From 3ef07c412f068144554648c0d209bef444a2ee27 Mon Sep 17 00:00:00 2001
From: Michael Munday <munday@ca.ibm.com>
Date: Sun, 23 Oct 2016 16:11:13 -0400
Subject: [PATCH] cmd, runtime: remove s390x 3 operand immediate logical ops

These are emulated by the assembler and we don't need them.

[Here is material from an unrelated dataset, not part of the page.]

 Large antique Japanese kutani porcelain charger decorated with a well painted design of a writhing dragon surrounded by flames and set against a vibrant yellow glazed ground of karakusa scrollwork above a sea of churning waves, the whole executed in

Change-Id: I2b07c5315a5b642fdb5e50b468453260ae121164
Reviewed-on: https://go-review.googlesource.com/31758
Reviewed-by: Brad Fitzpatrick <bradfitz@golang.org>
---
 src/cmd/compile/internal/s390x/ssa.go   | 11 ++--
 src/cmd/internal/obj/s390x/asmz.go      | 77 +++++++++----------------
 src/runtime/asm_s390x.s                 |  9 ++-
 src/runtime/internal/atomic/asm_s390x.s |  6 +-
 4 files changed, 43 insertions(+), 60 deletions(-)

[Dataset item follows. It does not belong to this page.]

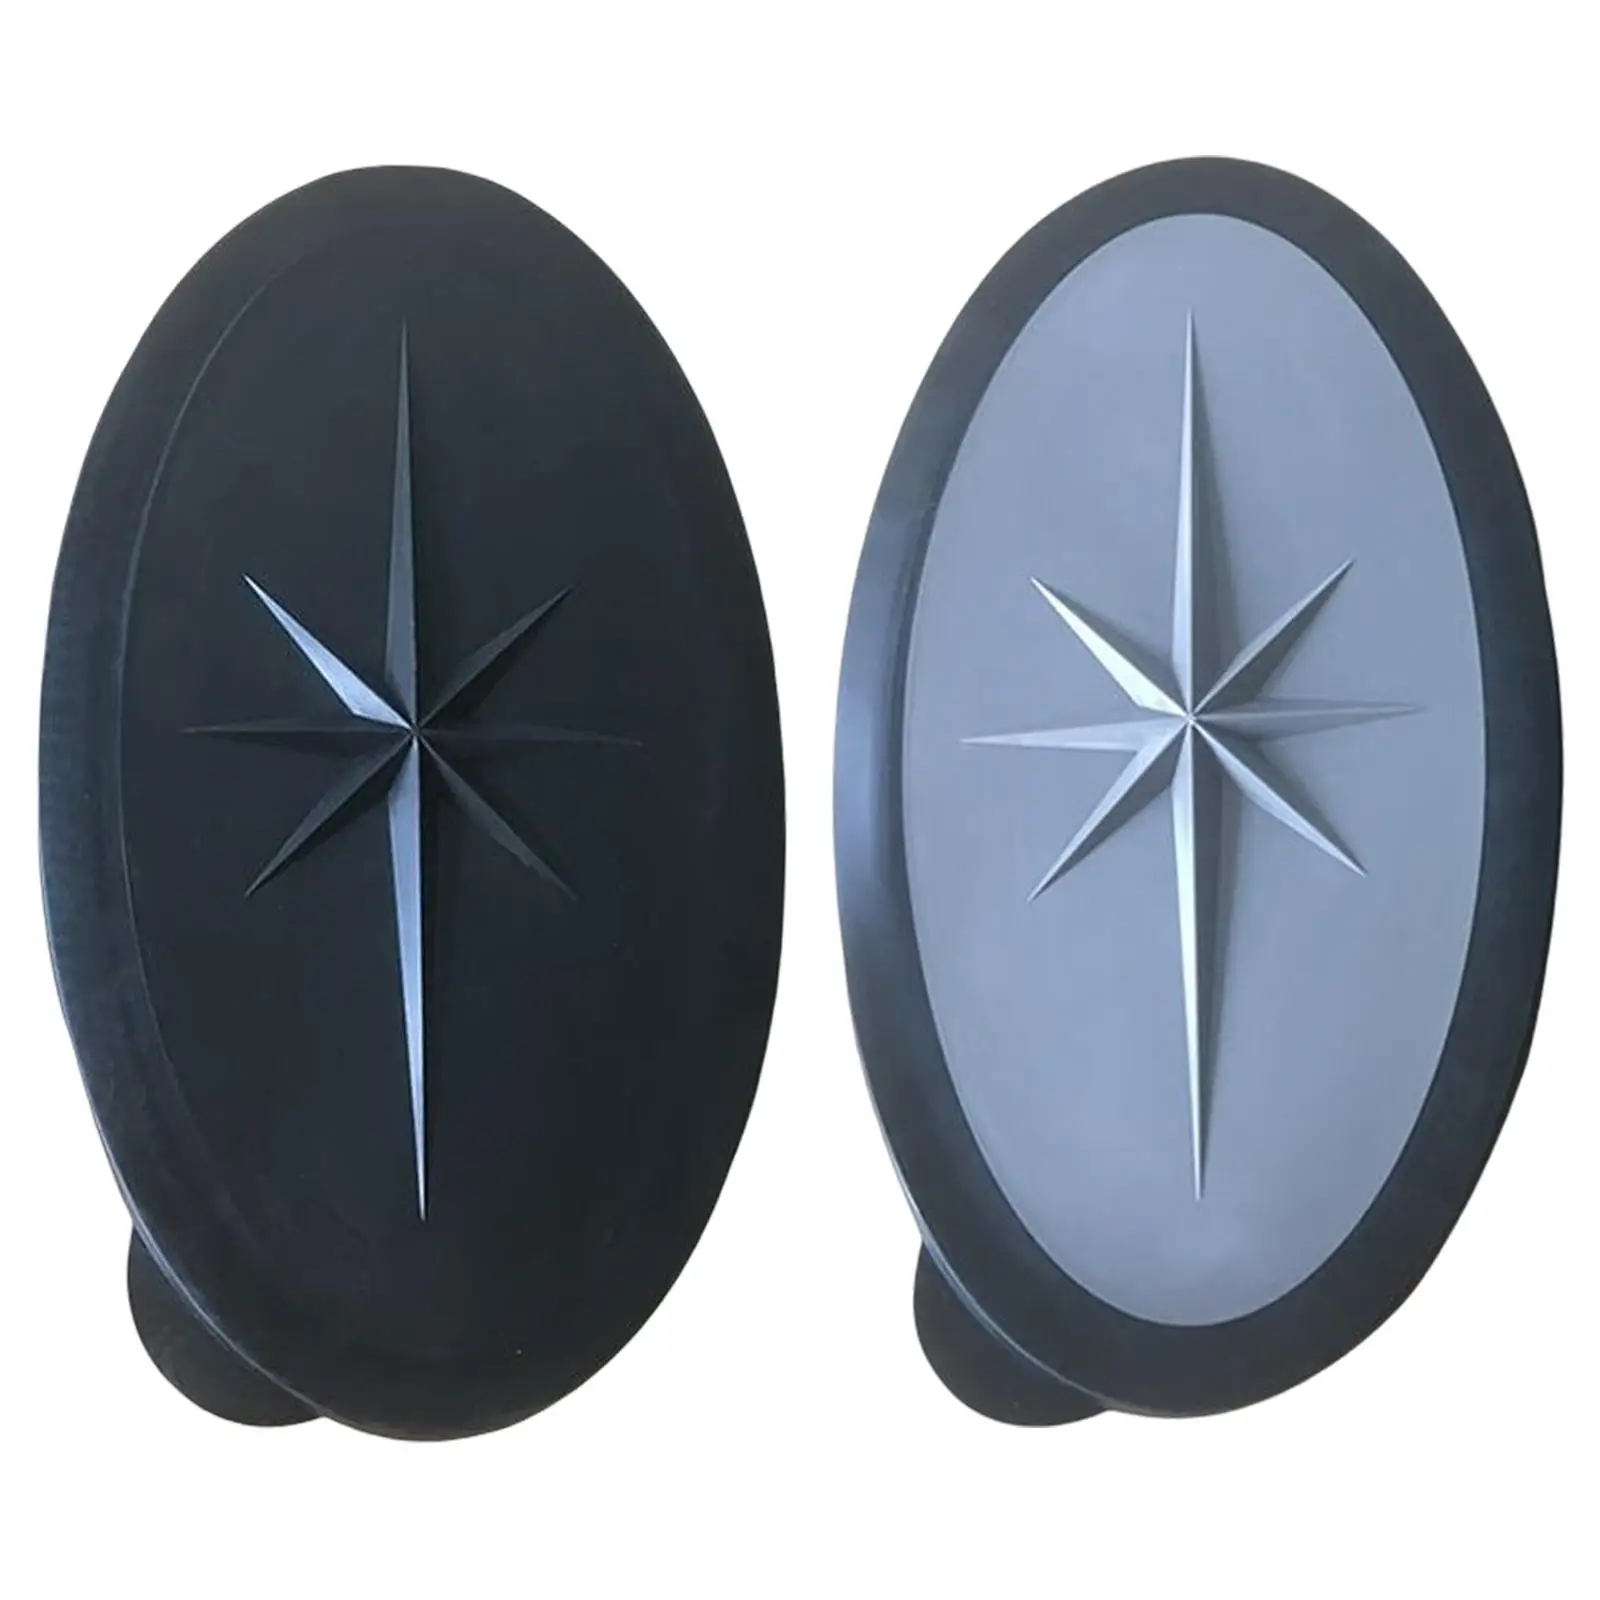 Oval Hatch Cover Boat Accessories Plastic Deck Kayak for Water Sport Yacht

diff --git a/src/cmd/compile/internal/s390x/ssa.go b/src/cmd/compile/internal/s390x/ssa.go
index e8b7b4ba6e2..e2d3c2849ba 100644
--- a/src/cmd/compile/internal/s390x/ssa.go
+++ b/src/cmd/compile/internal/s390x/ssa.go
@@ -809,12 +809,11 @@ func ssaGenBlock(s *gc.SSAGenState, b, next *ssa.Block) {
 		// defer returns in R3:
 		// 0 if we should continue executing
 		// 1 if we should jump to deferreturn call
-		p := gc.Prog(s390x.AAND)
-		p.From.Type = obj.TYPE_CONST
-		p.From.Offset = 0xFFFFFFFF
-		p.Reg = s390x.REG_R3
-		p.To.Type = obj.TYPE_REG
-		p.To.Reg = s390x.REG_R3
+		p := gc.Prog(s390x.ACMPW)
+		p.From.Type = obj.TYPE_REG
+		p.From.Reg = s390x.REG_R3
+		p.To.Type = obj.TYPE_CONST
+		p.To.Offset = 0
 		p = gc.Prog(s390x.ABNE)
 		p.To.Type = obj.TYPE_BRANCH
 		s.Branches = append(s.Branches, gc.Branch{P: p, B: b.Succs[1].Block()})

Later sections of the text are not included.